Все эти тонкости перевода терминов нужны нам для того, чтобы обсудить главное. После того, как Бернар Перрон объявил, что для понимания «Silent Hill» концепции арт-хоррора Кэрролла недостаточно, он обращается к тому, чтобы сравнить два термина, которые на русский переводятся как «ужас». Это «террор» (terror) и «хоррор» (horror). Здесь Перрон упоминает про вышеназванный «космический страх» Лавкрафта, а далее текст 1826 года писательницы Анны Радклиф и книгу Уилла Роккетта (1988) – еще одного киноведа. Из Радклифф Перрон цитирует следующий пассаж (в русском переводе): «Страх (террор) и ужас (хоррор) – это две противоположности. Первый касается души и пробуждает чувства и волю к жизни; второй сковывает, замораживает и практически уничтожает чувства» (Перрон. 2021. С. 73–74). Переводчики в примечании замечают: «В традиции английского литературоведения эти два понятия зачастую противопоставляются. Страх-притяжение (terror) подразумевает чувство тревоги от ожидания столкновения с чем-то страшным. Страх-отвращение (horror) связывают с реакцией на что-то пугающее и отталкивающее – как правило, звук или изображение. В русской традиции это различие нередко переводят как “страх” и “ужас”» (Перрон. 2021. С. 74–75). У Роккета Перрон вычитывает то, что при страхе можно испытывать чувство трансценденции. Сложно утверждать, но похоже на то, что «космический страх» и мысль о противопоставлении террора и хоррора у Радклифф Перрон вычитал у Дани Кавалларо, потому что далее он (видимо, из уважения) цитирует ее работу «Готические видения» (Cavallaro. 2002). У нее мы обнаружим абсолютно те же самые цитаты (слово в слово) из Лавкрафта и Радклифф, но в более стройном и аргументированном нарративе. Особенно забавно, что Перрон цитирует ключевую мысль Кавалларо, но при этом она, эта мысль, некоторым образом входит в клинч с рассуждениями самого Перрона.
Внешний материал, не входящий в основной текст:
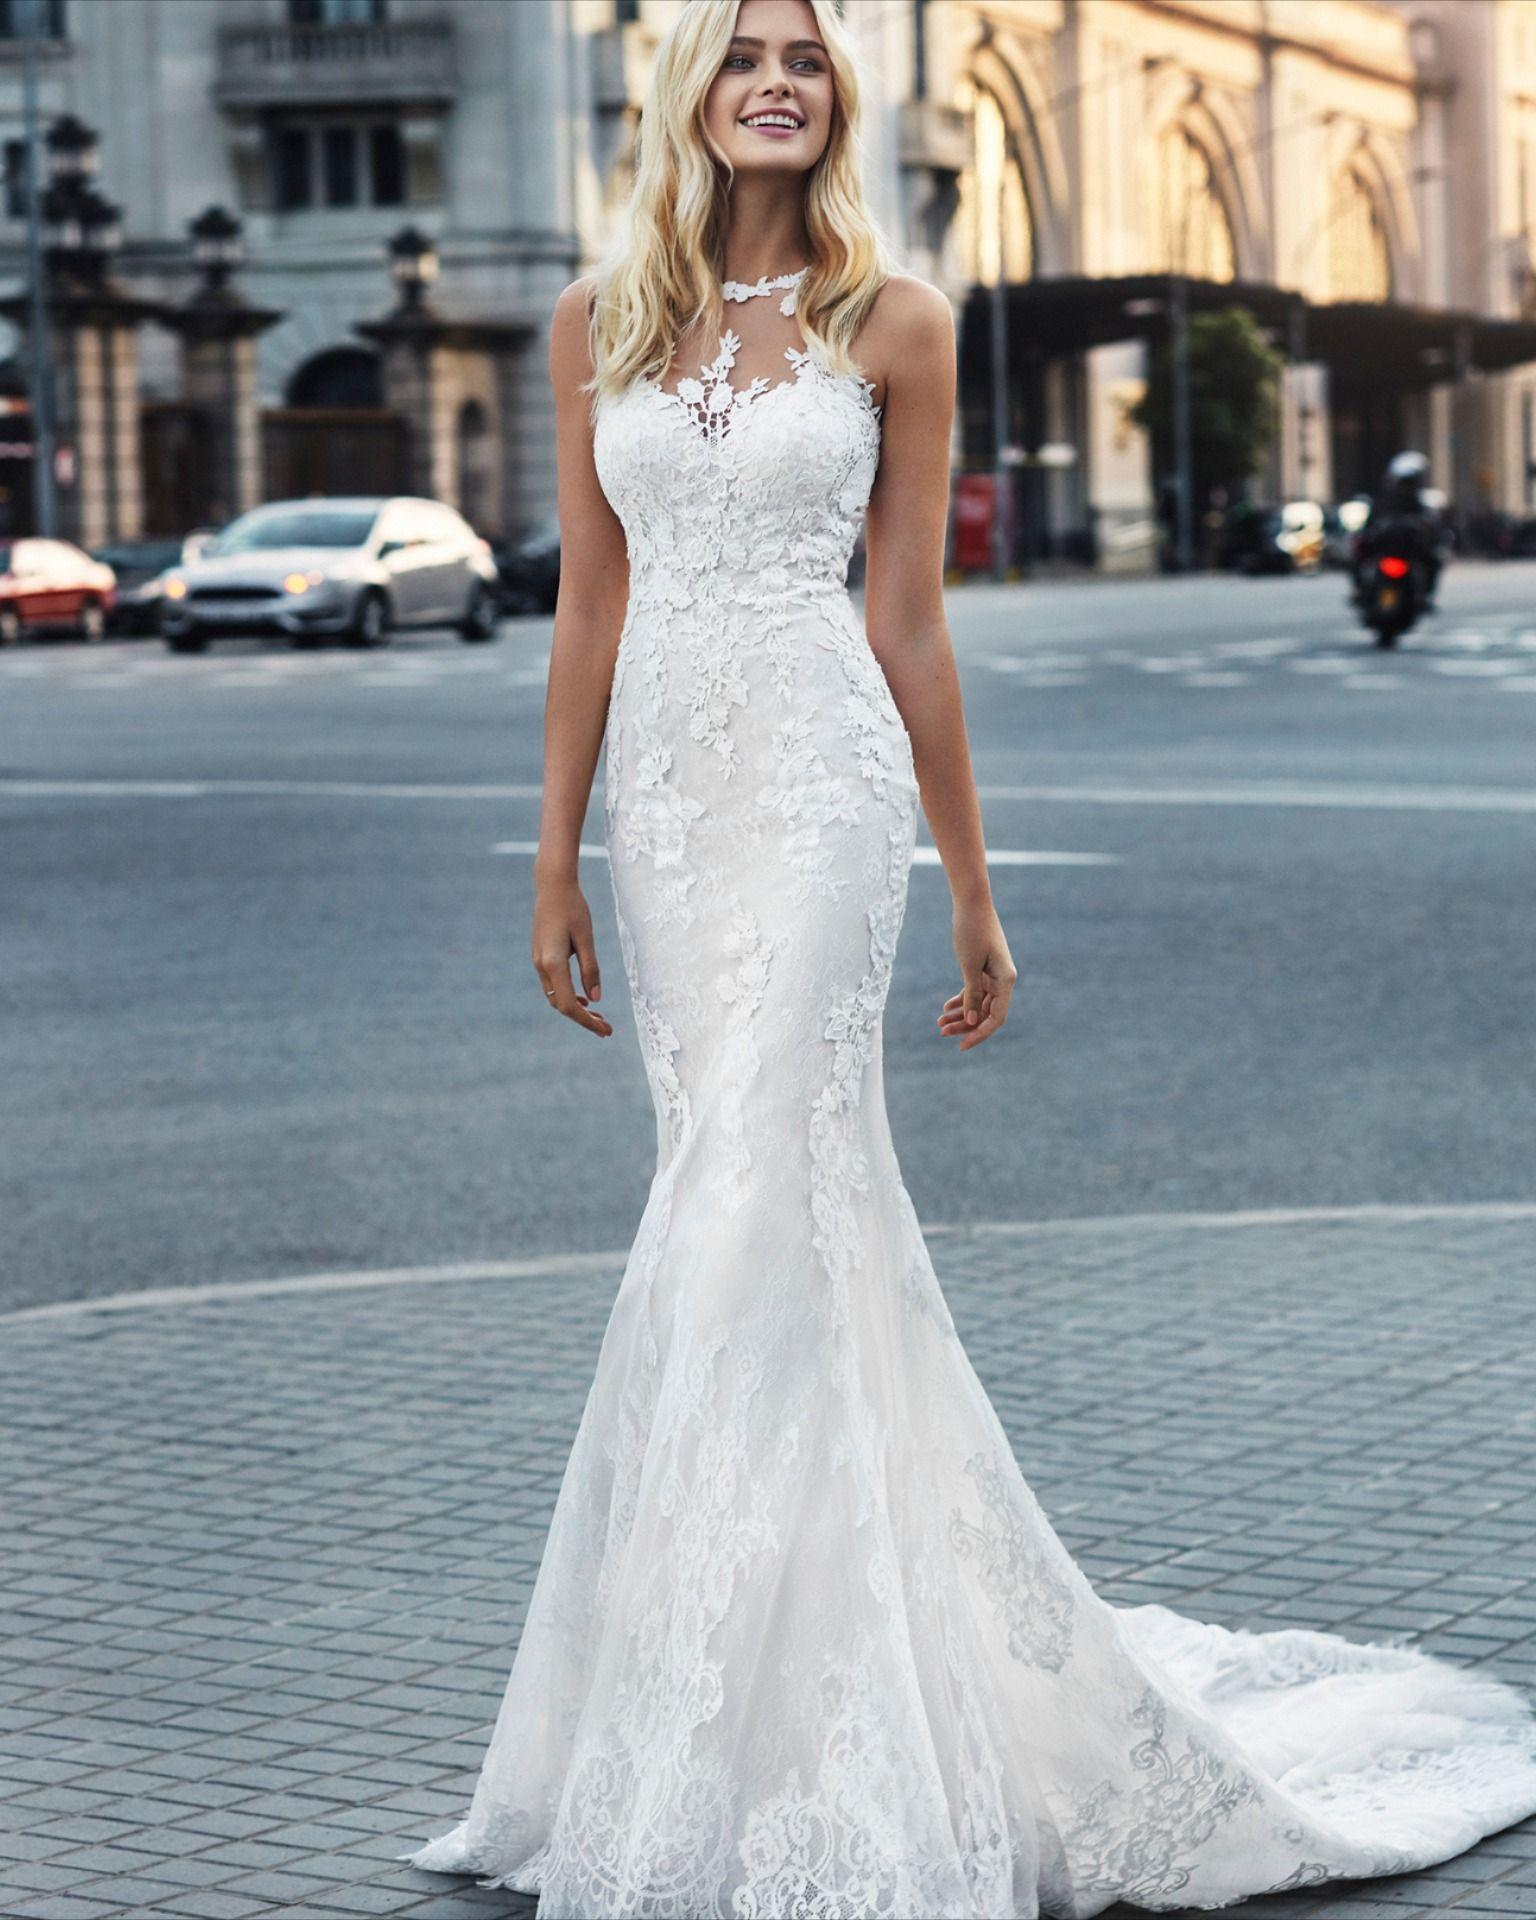 Luna Novias Varna At Unbridaled Halter Wedding Dress Lace Wedding Dresses Halter Wedding Dress [ 1920 x 1536 Pixel ]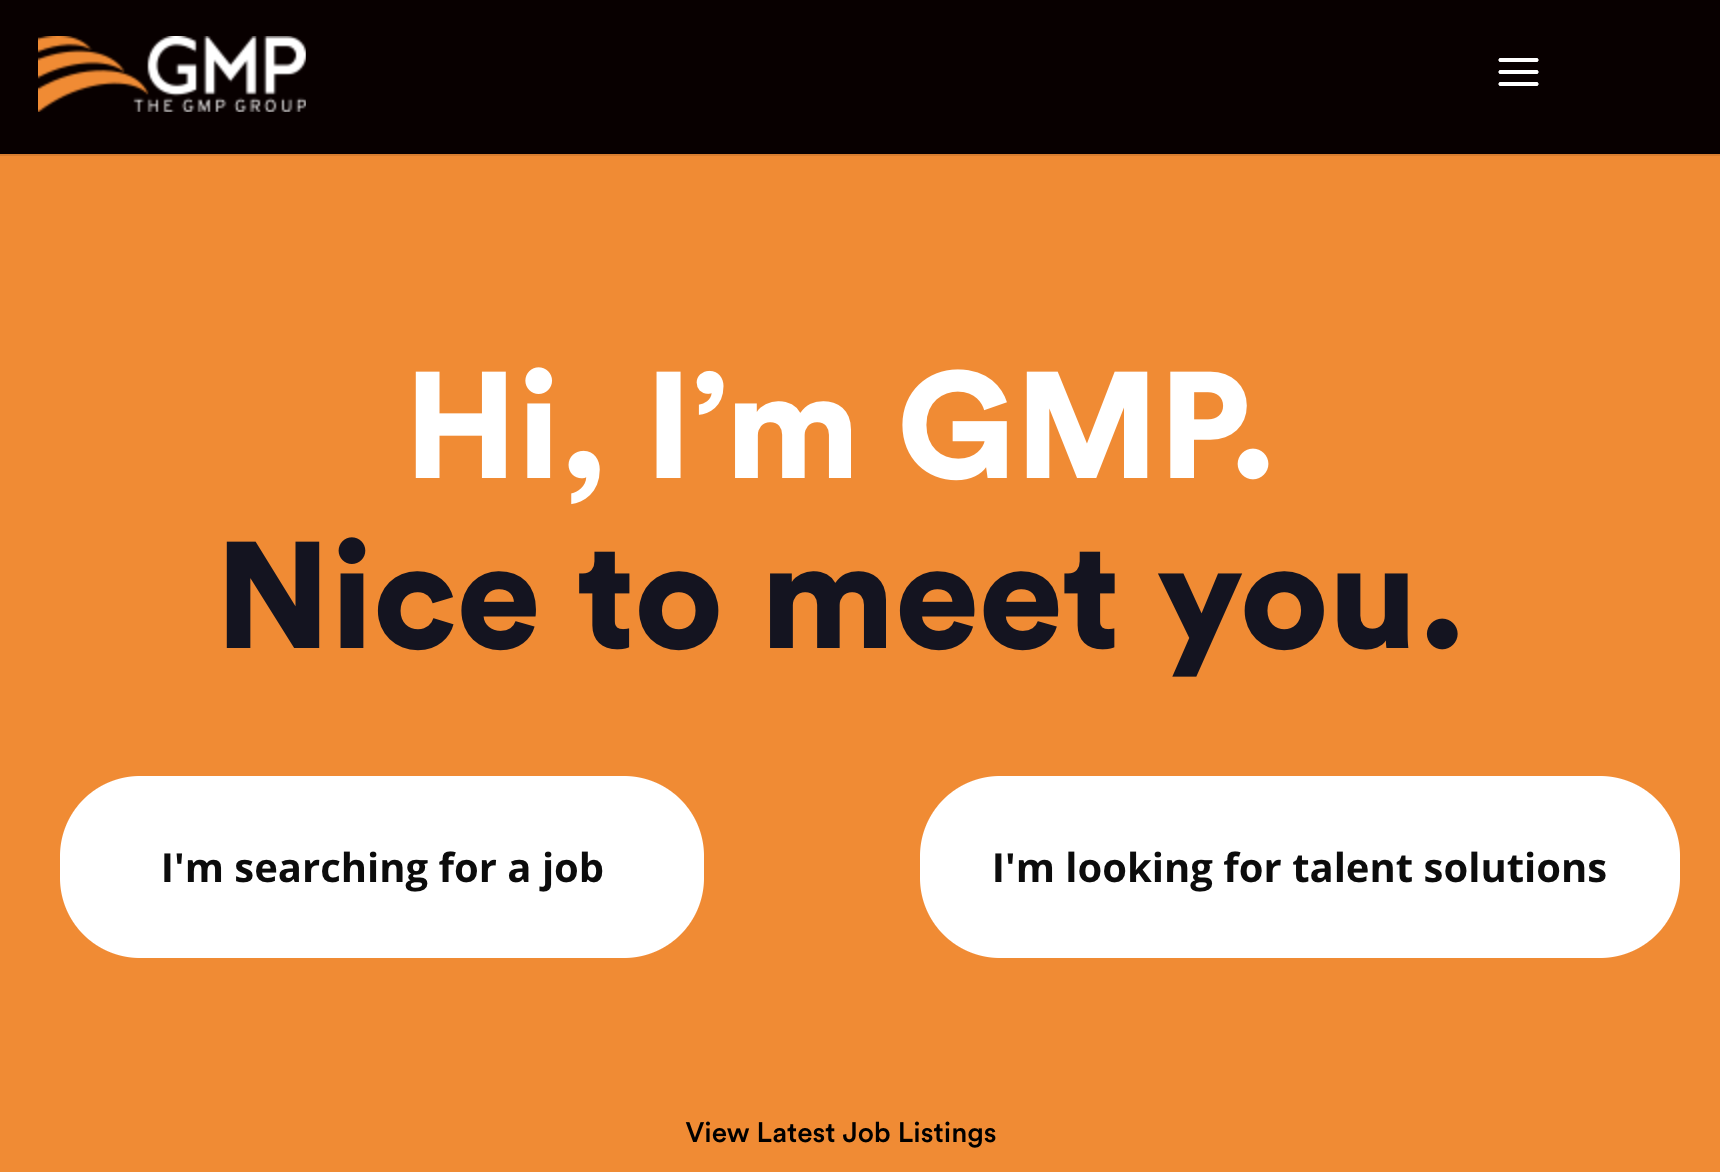 gmp group job agencies singapore

Кавалларо обращается к эстетике, чтобы показать, что террор многими авторами воспринимался как «возвышенное» (sublime), в то время как хоррор – как нечто низменное. У Кавалларо мы читаем, что террор является нематериальным и не поддается определению, в то время как хоррор определяется через его материальную природу (Cavallaro. 2002. Р. 2). Кавалларо пишет, что террор «…беспокоит из-за своей неопределенности: он не может быть связан с идентифицируемым физическим объектом, и факторы, которые его определяют, соответственно, ускользают от классификации и наименования» (Cavallaro. 2002. Р. 2). Здесь она ссылается на теорию хоррора Джеймса Твитчелла, поклонника всего возвышенного, литературы и психоанализа, предложившего бинарную оппозицию хоррор/материальное и террор/нематериальное (Twitchell. 1988. Р. 19–20; Cavallaro. 2002. Р. 3). Сама Дани Кавалларо выступает против этой устоявшейся дихотомии и считает (ровно это цитирует Перрон), что «за бинарными оппозициями в конечном счете кроется упрощающая рационализация… Чтобы избежать опасностей, скрытых в бинарном мышлении, можно представить страх (terror) и ужас (horror) как чувства взаимосвязанные и способные перетекать из одного в другое»[13]13
  Переводчики не уточняют, про какой «страх» идет речь (Перрон. 2012. С. 75). В книге Кавалларо см.: (Cavallaro. 2002. Р. 5).


[Закрыть]
. Возможно, Перрон избегает цитирования Твитчелла, потому что тот обращается еще и к категории «жуткое» (uncanny) Зигмунда Фрейда, чтобы не углубляться в психоанализ и не загружать читателя терминами. Но дело не совсем в этом.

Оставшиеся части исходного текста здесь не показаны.